Later that night after taking a nap Lisa came into my room to talk about Joshua and Jaxon and as much as I wanted to tell her what was going on, I couldn’t, because I didn’t even know the answer to that question myself.  All day all I could think of was why Jaxon had even came over in the first place. Then Joshua came to mind and although I was grateful of the distraction of Jaxon, Joshua had bedded himself deep into my head.

 Yes Joshua was a cocky arrogant git but the way he had bothered to stay and look after me last night let me see that there was another side, a softer side to him.  Not that he didn’t have me hooked lined and anchored already.  Now though I wanted him more than ever but at the same time I still wanted Jaxon. Don’t ask me why because he was nothing but a two timing lying jerk who I had loved unconditionally, well I thought I had loved. That was up until I met Joshua that is not that I loved him or anything but he made me feel. Wrapped in his arms I felt as if that was where I was meant to be. It just felt so right, perfect even. However, it wasn’t the perfect timing otherwise I would’ve given in to my crazy hormones as well as given in to him. I guess it was just down to the fact that I was carrying Jaxon’s baby that was stopping me. Then again that could be the only reason why I still felt for Jaxon.
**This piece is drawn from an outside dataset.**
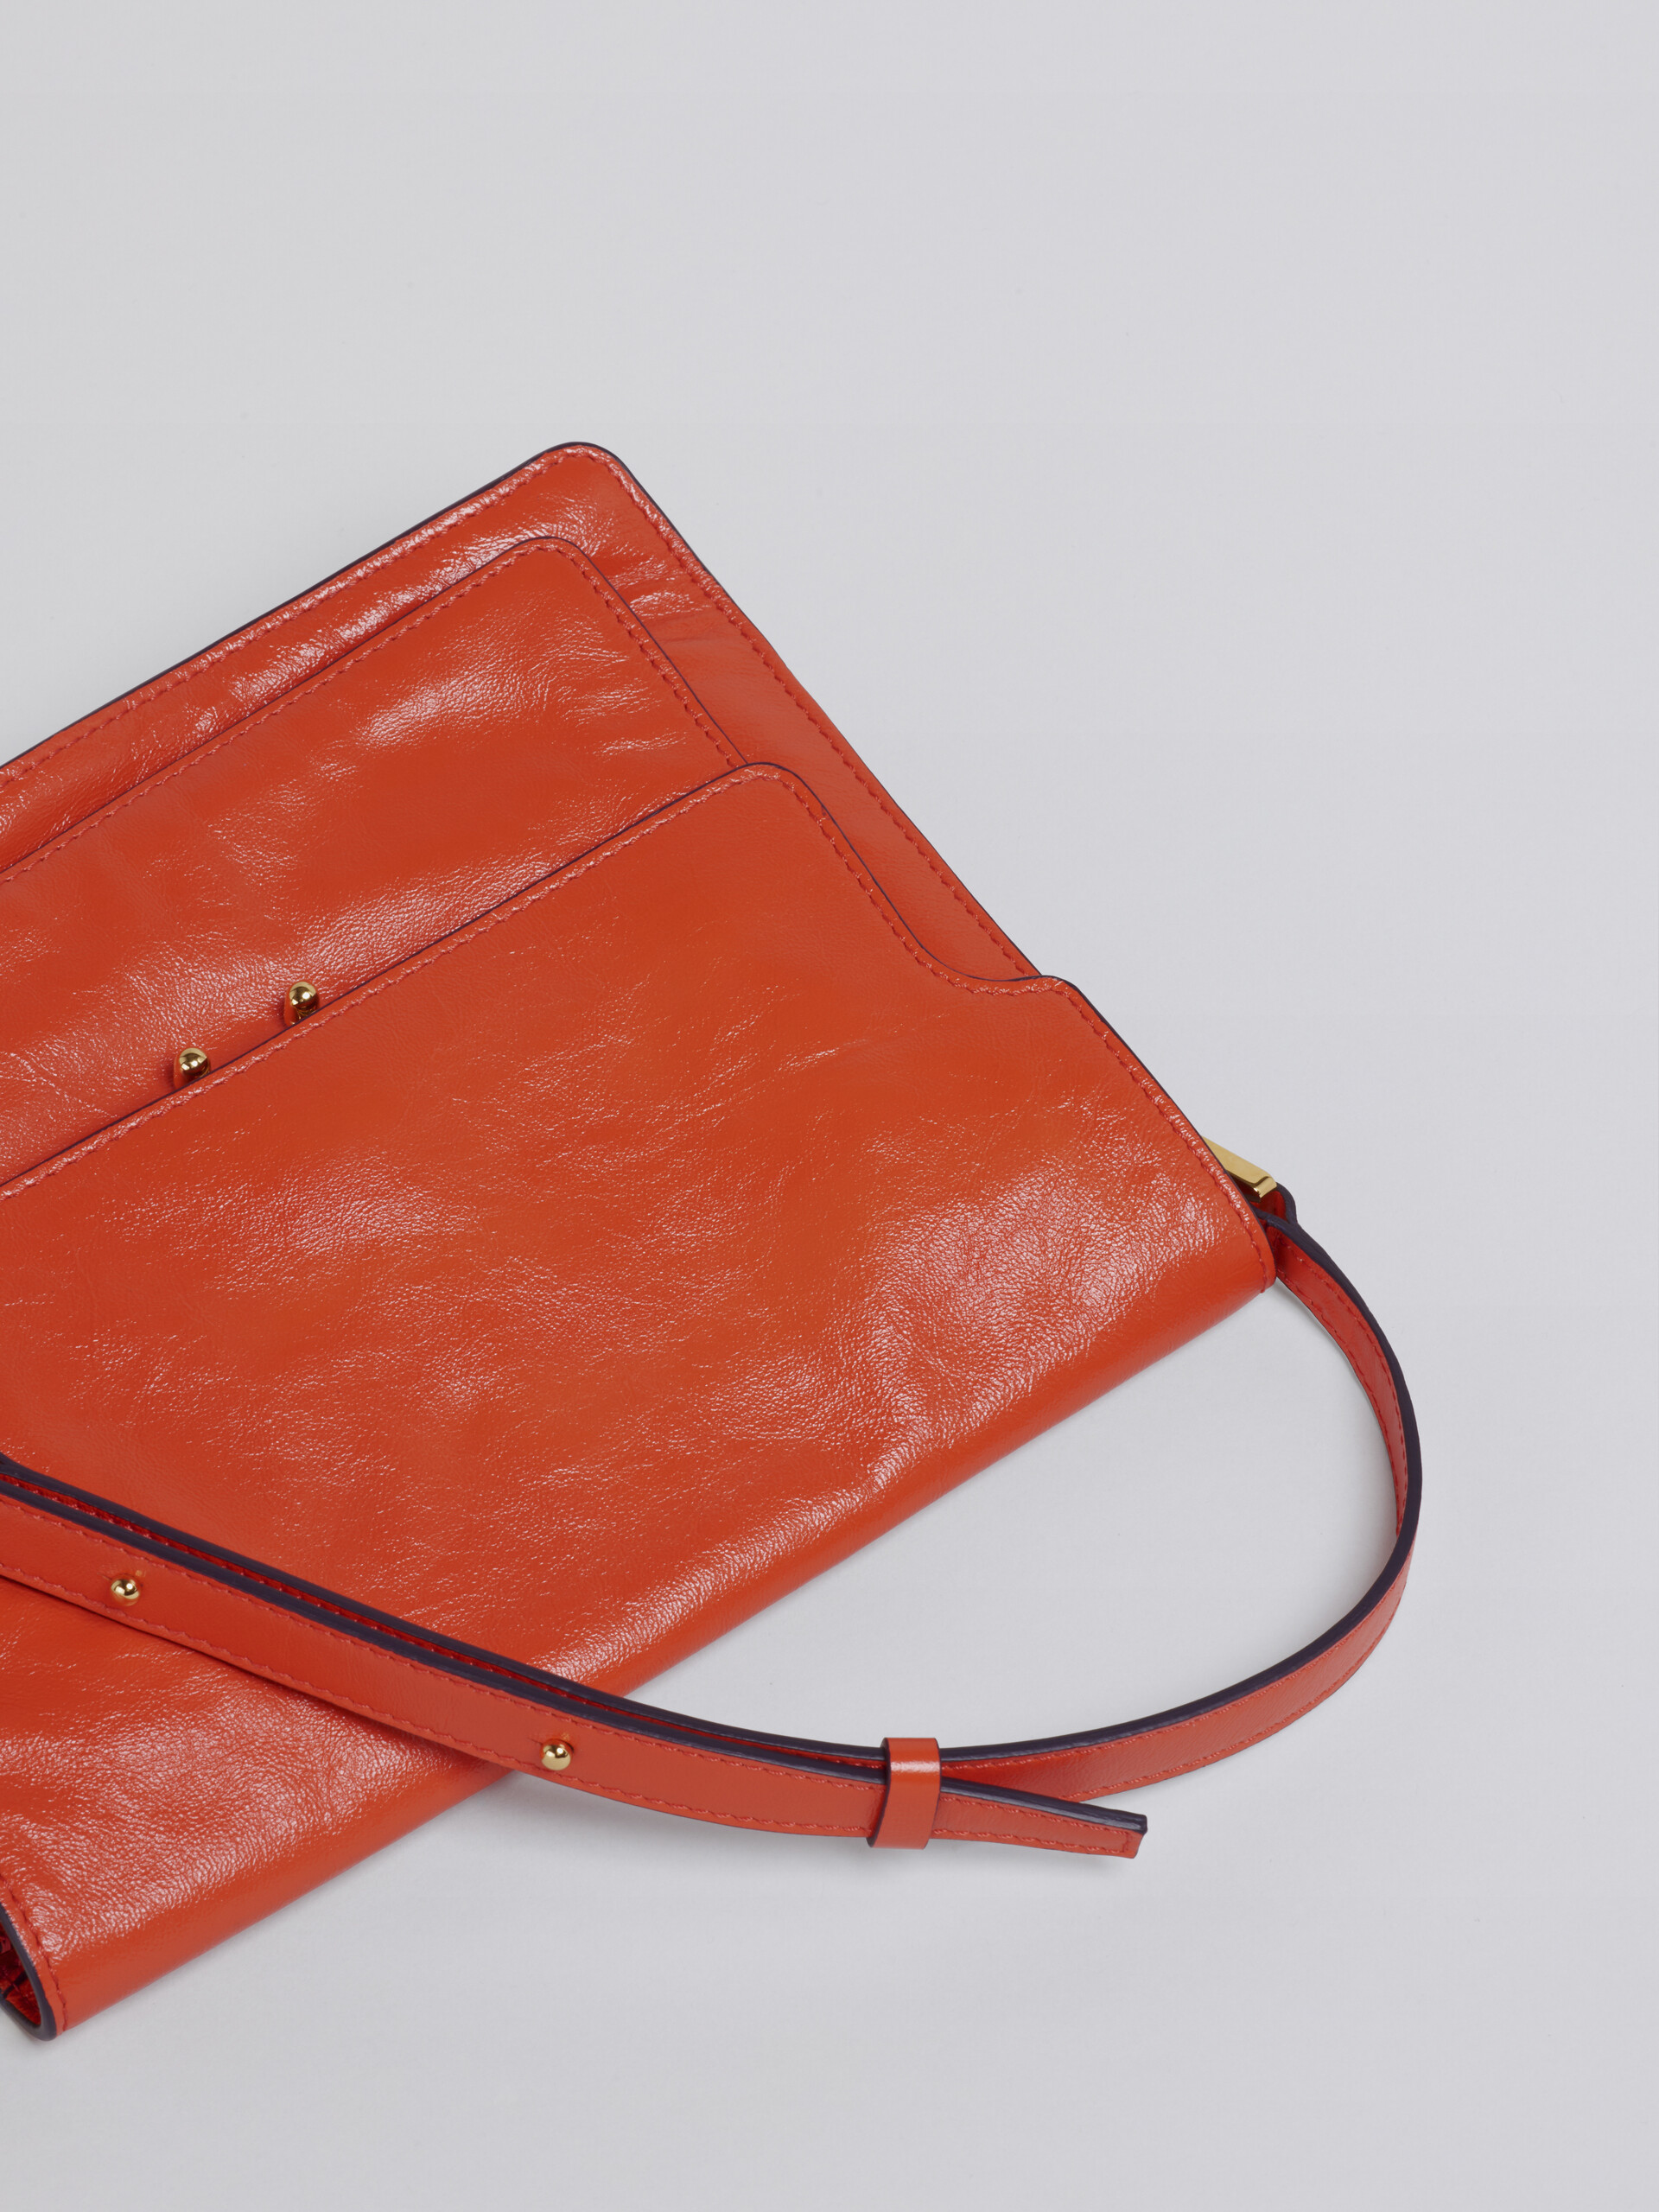 TRUNK SOFT large bag in orange leather - Shoulder Bags - Image 4
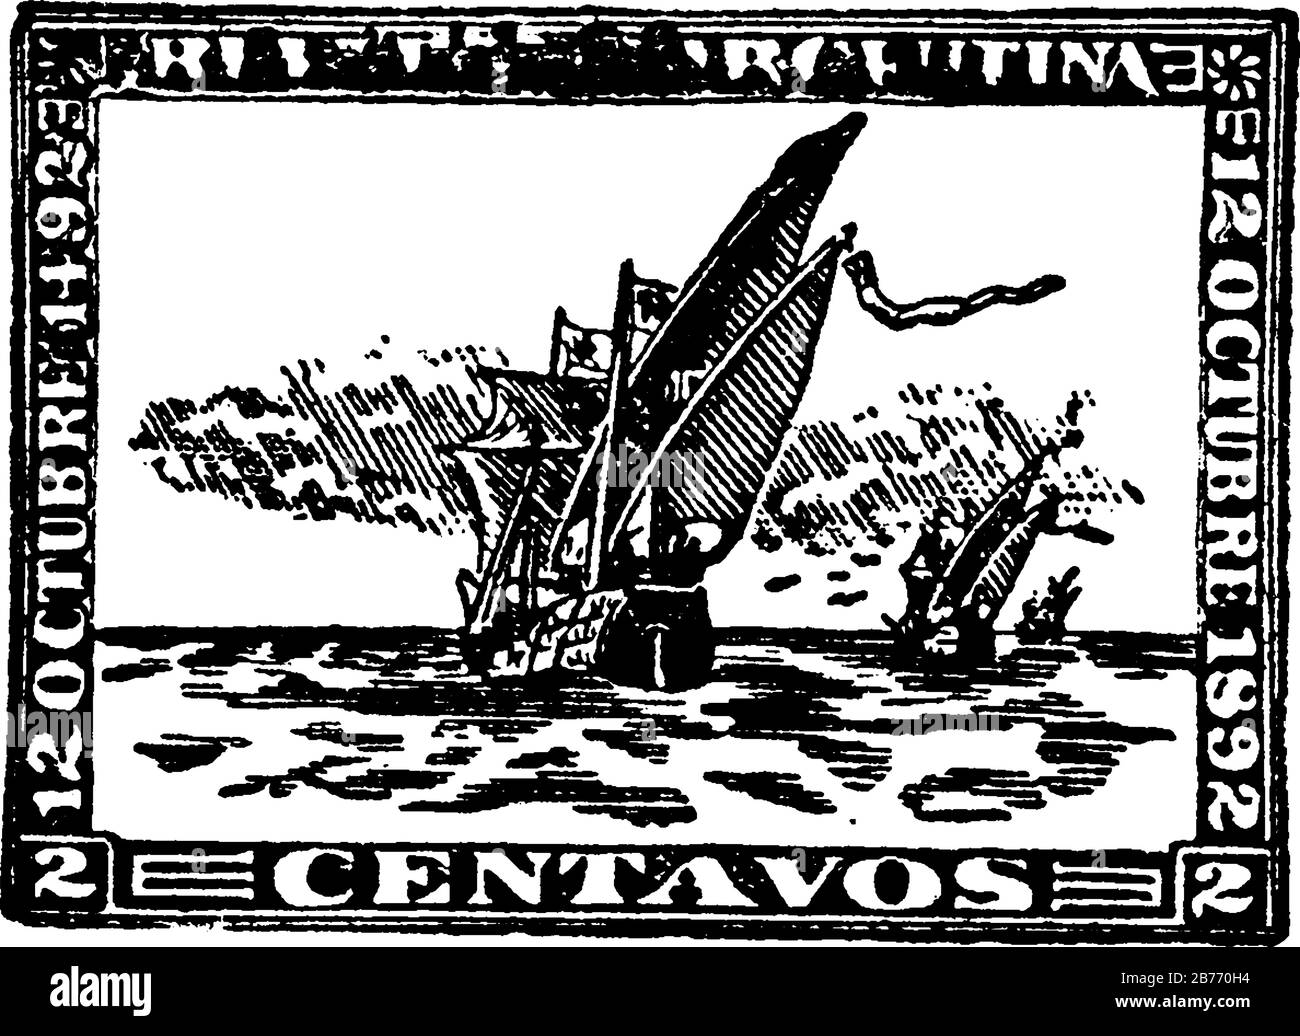 Argentinische Republik hundertjährige Briefmarke (2 Zentavos) von 1892 - 12. Oktober 1892, ein selbstklebendes Papierstück, das feststeckt, um einen zu zahlenden Geldbetrag zu zeigen, Stock Vektor

Saying that Jaxon didn’t even know I was pregnant so why was I still drawn to him?  Then again Joshua didn’t know that I was pregnant either. What would Joshua think if I told him that I was pregnant?  Guess he would be running for the hills. On that saddened thought my stomach sunk as well as something in my chest. I was so mixed up but at the same time I couldn’t stop my mind from wondering what it would feel like to be courageously touched by Joshua.  Picturing his large hands and his long thick fingers caressing and fumbling me had my entire body hot and needy. I had to do something to distract myself. Looking over at my desk filled with papers and books I left out a heavy sigh. I had so much to do between studying for my exams then graduation and on top of that find a job and a home for my baby and me.

 “Oh God please help me. I’m so mixed up and confused. Please help me somehow I don’t think I will be able to do all this on my own.” Not being able to hold myself together any longer I left it all out. This time I didn’t blame my emotional breakdown on my pregnancy hormones as I usual would. No, this was all me and in admitting to myself that I might not be able to cope with all this on my own.